The reply should consist of the line containing "facials gezichtsbehandelingen de" and all lines after it in the listing below, reproduced exactly and nothing more.

-----

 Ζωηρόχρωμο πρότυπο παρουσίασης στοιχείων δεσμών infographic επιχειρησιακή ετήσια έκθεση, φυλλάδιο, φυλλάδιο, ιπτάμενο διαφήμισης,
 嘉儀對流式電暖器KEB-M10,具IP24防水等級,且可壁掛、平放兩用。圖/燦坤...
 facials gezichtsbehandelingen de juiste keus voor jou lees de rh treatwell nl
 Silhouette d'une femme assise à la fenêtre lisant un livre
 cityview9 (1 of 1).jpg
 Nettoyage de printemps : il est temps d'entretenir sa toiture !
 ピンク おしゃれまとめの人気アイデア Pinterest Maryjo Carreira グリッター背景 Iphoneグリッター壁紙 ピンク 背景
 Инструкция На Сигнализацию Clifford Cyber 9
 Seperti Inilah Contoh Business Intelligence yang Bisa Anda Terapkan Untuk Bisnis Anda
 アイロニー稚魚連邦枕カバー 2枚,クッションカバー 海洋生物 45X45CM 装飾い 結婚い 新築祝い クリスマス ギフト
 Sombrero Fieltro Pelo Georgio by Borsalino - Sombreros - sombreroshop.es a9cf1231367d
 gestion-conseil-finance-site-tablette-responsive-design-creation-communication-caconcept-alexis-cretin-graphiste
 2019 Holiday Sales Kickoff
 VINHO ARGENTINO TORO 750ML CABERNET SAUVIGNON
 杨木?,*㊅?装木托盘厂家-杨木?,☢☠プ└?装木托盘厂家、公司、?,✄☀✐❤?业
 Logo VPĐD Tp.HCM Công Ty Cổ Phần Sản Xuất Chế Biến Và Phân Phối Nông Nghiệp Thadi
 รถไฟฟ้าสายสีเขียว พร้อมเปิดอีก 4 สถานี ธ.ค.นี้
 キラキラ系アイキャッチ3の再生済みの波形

-----

__ANSWER BOX__
 facials gezichtsbehandelingen de juiste keus voor jou lees de rh treatwell nl
 Silhouette d'une femme assise à la fenêtre lisant un livre
 cityview9 (1 of 1).jpg
 Nettoyage de printemps : il est temps d'entretenir sa toiture !
 ピンク おしゃれまとめの人気アイデア Pinterest Maryjo Carreira グリッター背景 Iphoneグリッター壁紙 ピンク 背景
 Инструкция На Сигнализацию Clifford Cyber 9
 Seperti Inilah Contoh Business Intelligence yang Bisa Anda Terapkan Untuk Bisnis Anda
 アイロニー稚魚連邦枕カバー 2枚,クッションカバー 海洋生物 45X45CM 装飾い 結婚い 新築祝い クリスマス ギフト
 Sombrero Fieltro Pelo Georgio by Borsalino - Sombreros - sombreroshop.es a9cf1231367d
 gestion-conseil-finance-site-tablette-responsive-design-creation-communication-caconcept-alexis-cretin-graphiste
 2019 Holiday Sales Kickoff
 VINHO ARGENTINO TORO 750ML CABERNET SAUVIGNON
 杨木?,*㊅?装木托盘厂家-杨木?,☢☠プ└?装木托盘厂家、公司、?,✄☀✐❤?业
 Logo VPĐD Tp.HCM Công Ty Cổ Phần Sản Xuất Chế Biến Và Phân Phối Nông Nghiệp Thadi
 รถไฟฟ้าสายสีเขียว พร้อมเปิดอีก 4 สถานี ธ.ค.นี้
 キラキラ系アイキャッチ3の再生済みの波形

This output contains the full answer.